Tests that an encoder has sufficient numerical dynamic range.

These test cases contain test patterns designed to produce extreme signals within encoders. During these test cases, no integer clamping or overflows must occur.

A test case is produced for each picture component:

signal_range[Y]

Luma component test patterns.

signal_range[C1]

Color difference 1 component test patterns.

signal_range[C2]

Color difference 2 component test patterns.

Though the test patterns produce near worst case signal levels, they are not guaranteed to produce the largest values possible.

Note

For informational purposes, an example of a set of test patterns are shown below:

../_images/signal_range_encoder.png

An informative metadata file is provided along side each test case which gives, for each picture in the bitstream, the parts of a encoder which are being tested by the test patterns. See vc2_bit_widths.helpers.TestPoint for details.

Encoder test case: synthetic_gray

Tests that the encoder can encode a maximally compressible sequence.

This sequence contains an image in which every transform coefficient is zero. For most color specifications (11.4.10), this decodes to a mid-gray frame.

This special case image is maximally compressible since no transform coefficients need to be explicitly coded in the bitstream. For lossless coding modes, this should also produce produce the smallest possible bitstream.

Encoder test case: synthetic_linear_ramps

Tests that an encoder correctly encodes color specification information.

A static frame containing linear signal ramps for white and primary red, green and blue (in that order, from top-to-bottom) as illustrated below:

../_images/static_ramps.png

The red, green and blue colors correspond to the red, green and blue primaries for the color specification (11.4.10.2).

Note

When D-Cinema primaries are specified (preset color primaries index 3), red, green and blue are replaced with CIE X, Y and Z respectively. Note that these might not represent physically realisable colors.

The left-most pixels in each band are video black and the right-most pixels video white, red, green and blue (respectively). That is, oversaturated signals (e.g. ‘super-blacks’ and ‘super-white’) are not included.

The value ramps in the test picture are linear meaning that the (linear) pixel values increase at a constant rate from left (black) to right (saturated white/red/green/blue). Due to the non-linear response of human vision, this will produce a non-linear brightness ramp which appears to quickly saturate. Further, when a non-linear transfer function is specified (11.4.10.4) the raw picture values will not be linearly spaced.

Note

When the D-Cinema transfer function is specified (preset transfer function index 3), the saturated signals do not correspond to a non-linear signal value of 1.0 but instead approximately 0.97. This is because the D-Cinema transfer function allocates part of its nominal output range to over-saturated signals.
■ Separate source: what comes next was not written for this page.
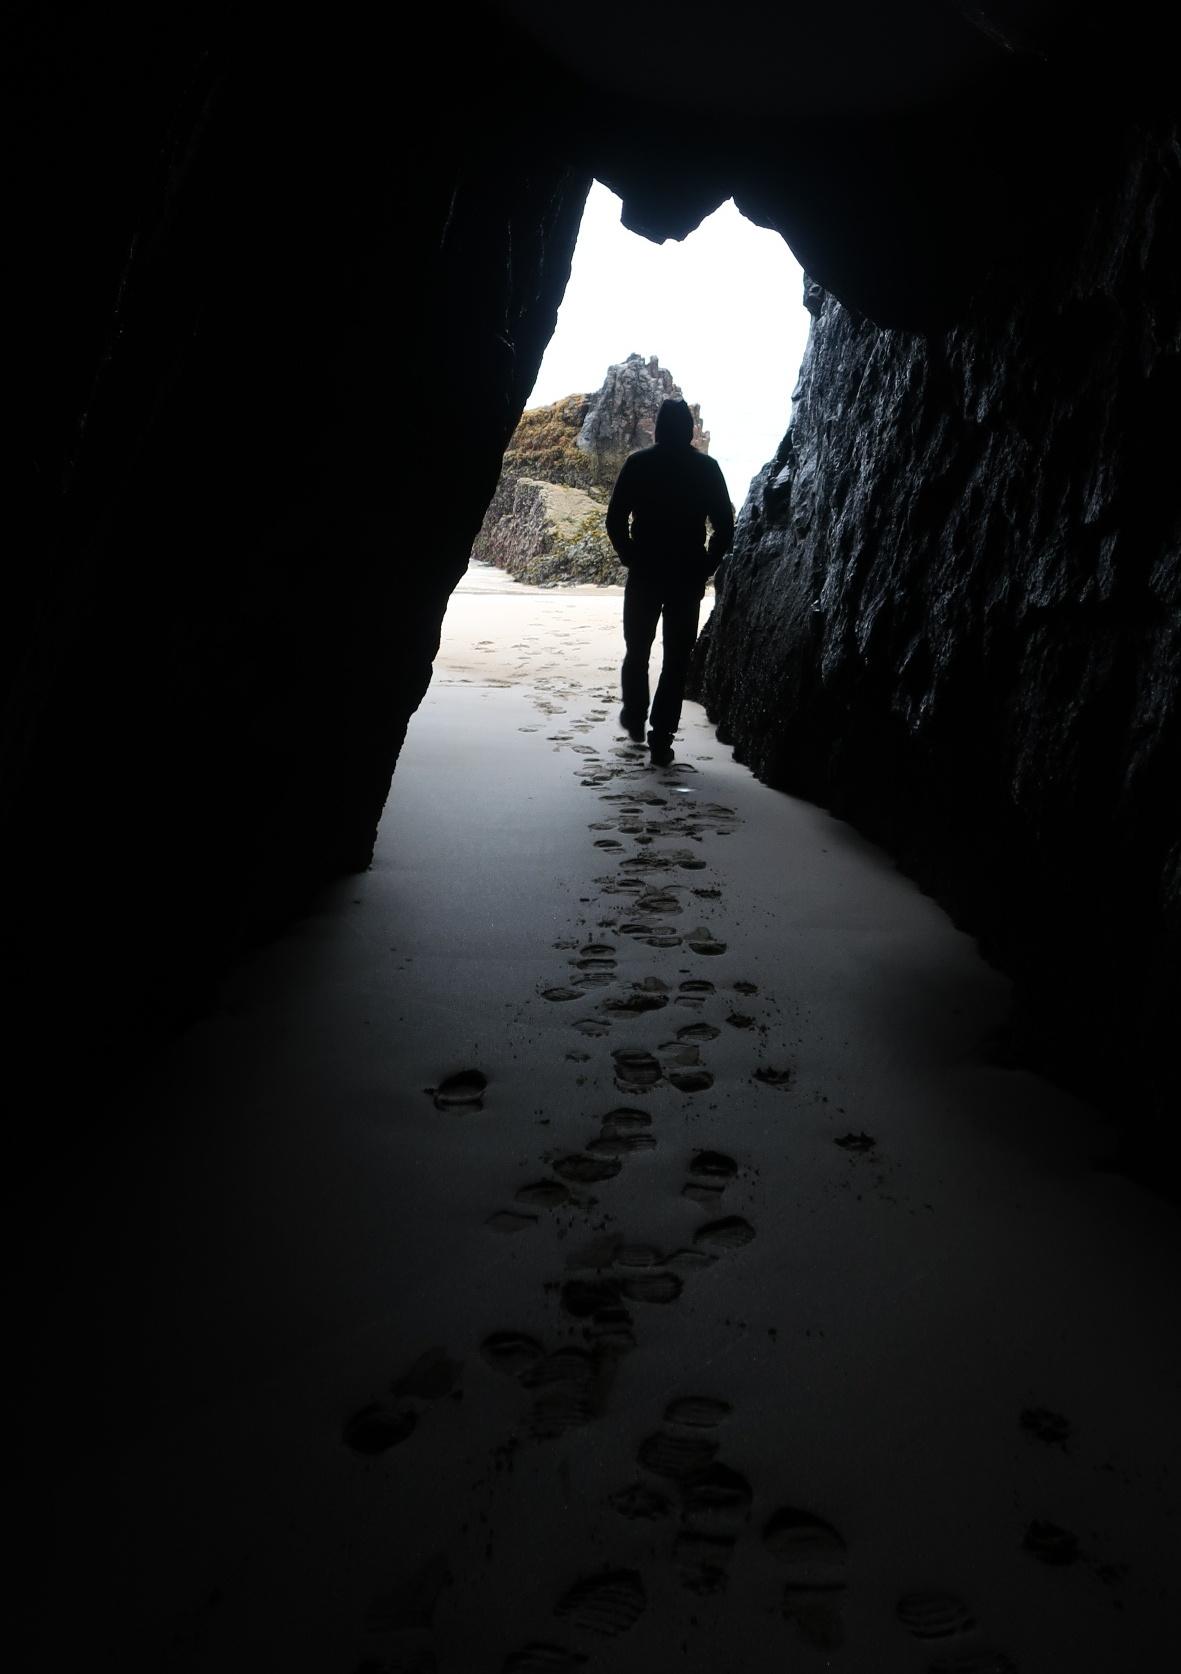 Caverns at low tide

Encoder test case: synthetic_moving_sprite

Tests that an encoder produces sensible results for motion.

A sequence of 10 frames containing a graphic moving from left to right along the top of the frame. In successive each frame, the graphic moves 16 luma samples to the right (i.e. 8 samples every field, for interlaced formats).

../_images/interlace_mode_and_pixel_aspect_ratio_moving_sequence.svg

For progressive formats, the graphic should appear with smooth edges in each frame.

For interlaced formats, the graphic should move smoothly when displayed on an interlaced monitor. If displayed as progressive frames (as in the illustration above), the pictures will appear to have ragged edges.

Encoder test case: synthetic_noise

Tests that an encoder correctly encodes a noise plate.

A static frame containing pseudo-random uniform noise as illustrated below:

../_images/noise.png

Note

It is likely that lossy encoders will be unable to compress this test case without a fairly significant loss of fidelity. As such, it is acceptable for this test case for an encoder to produce only visually similar results.